_Information supplied_.
•••••

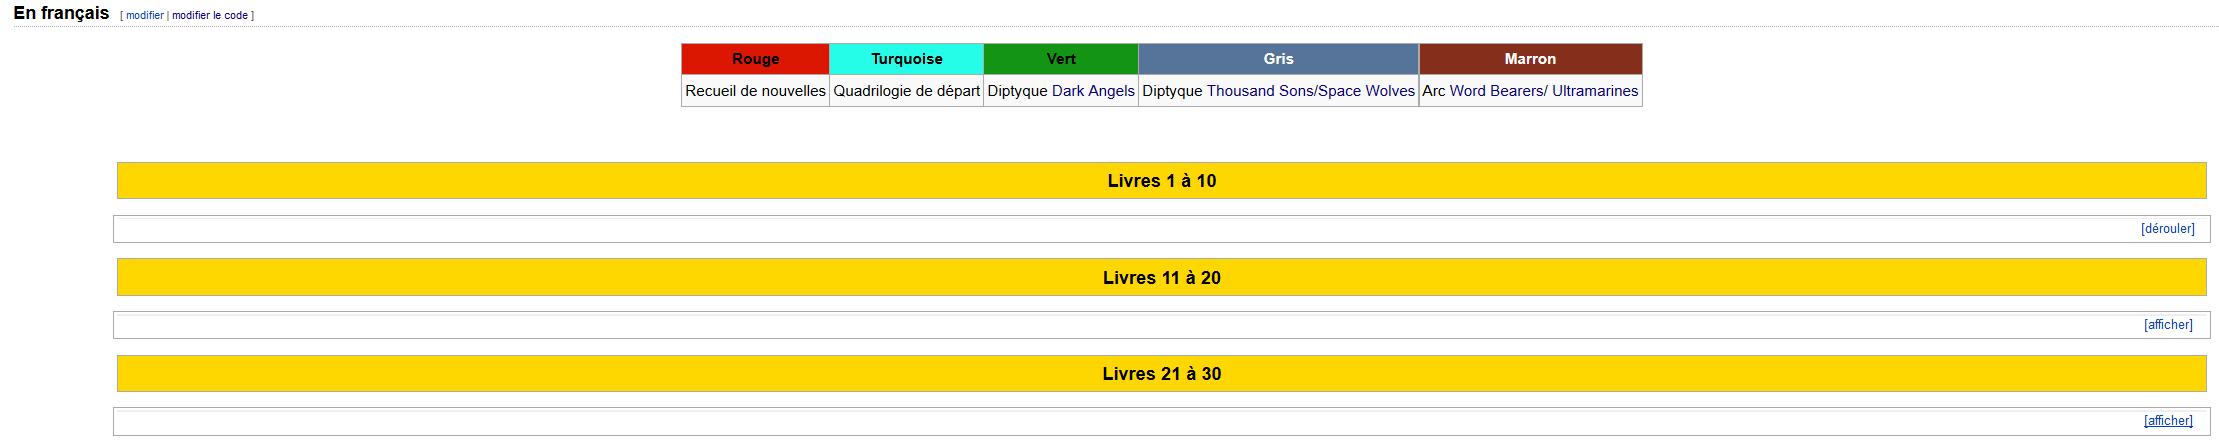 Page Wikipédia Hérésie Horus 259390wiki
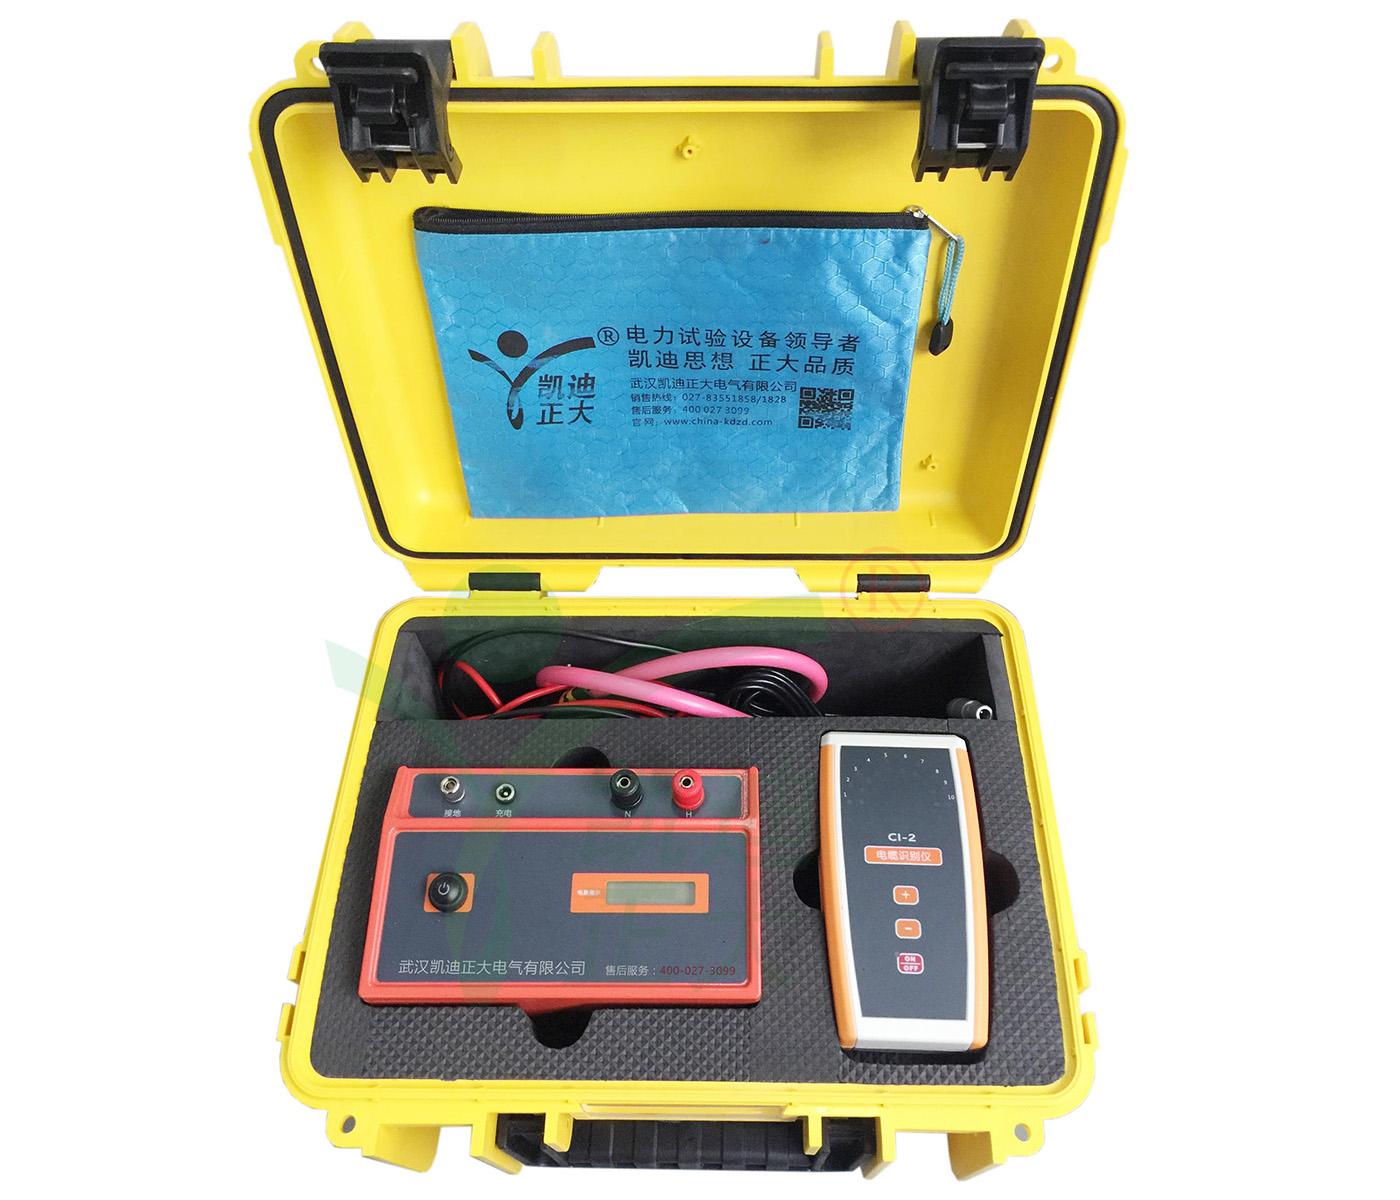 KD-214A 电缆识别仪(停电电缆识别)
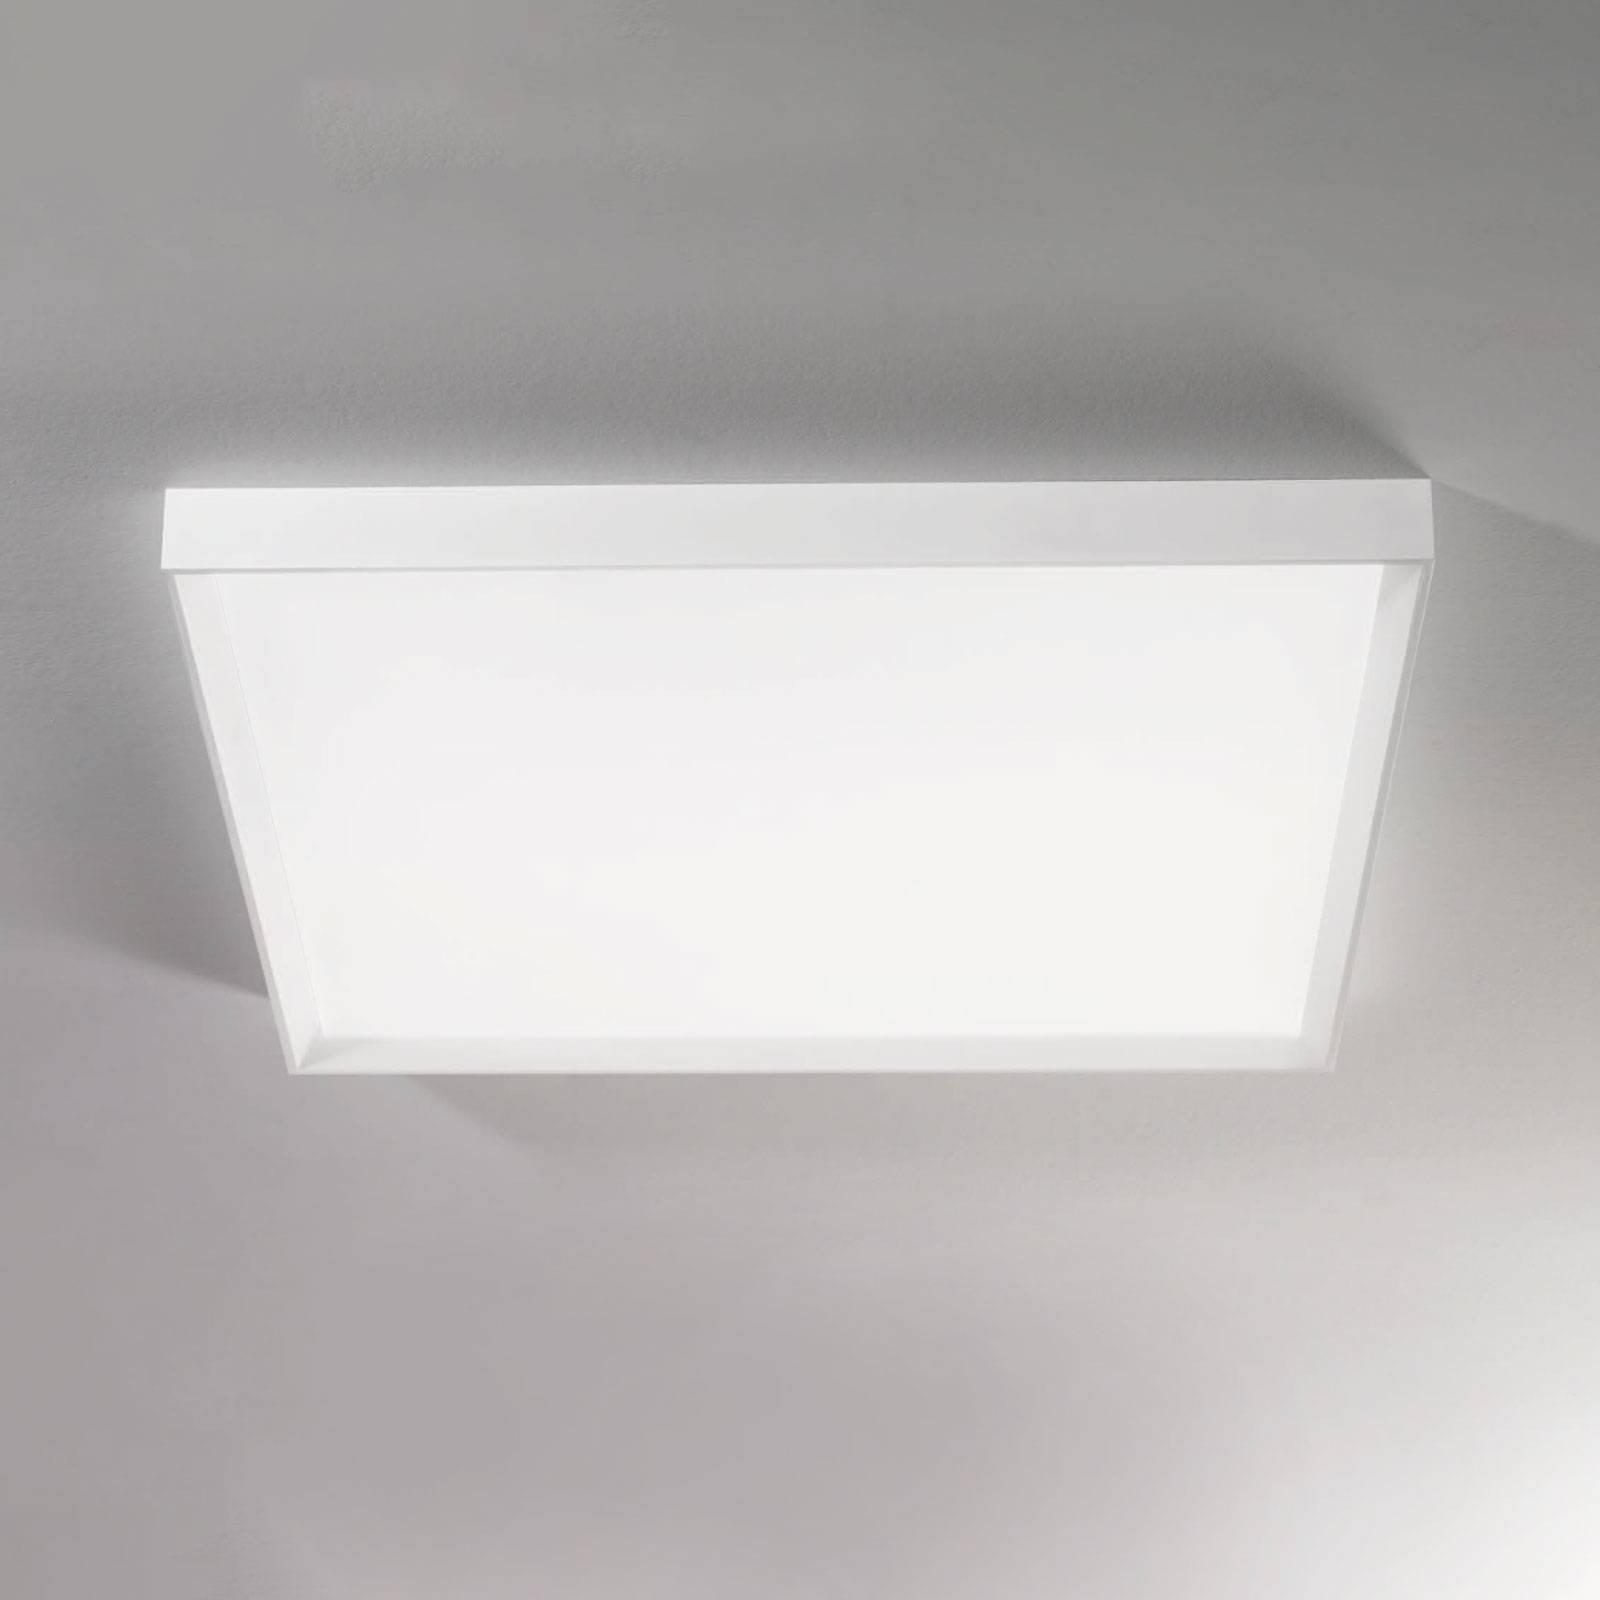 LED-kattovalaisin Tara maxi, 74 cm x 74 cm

•••••

_Task directions_. Retype the whole listing exactly and leave the pictures out.

_Exercise answer_.
 Page Wikipédia Hérésie Horus 259390wiki
 KD-214A 电缆识别仪(停电电缆识别)
 LED-kattovalaisin Tara maxi, 74 cm x 74 cm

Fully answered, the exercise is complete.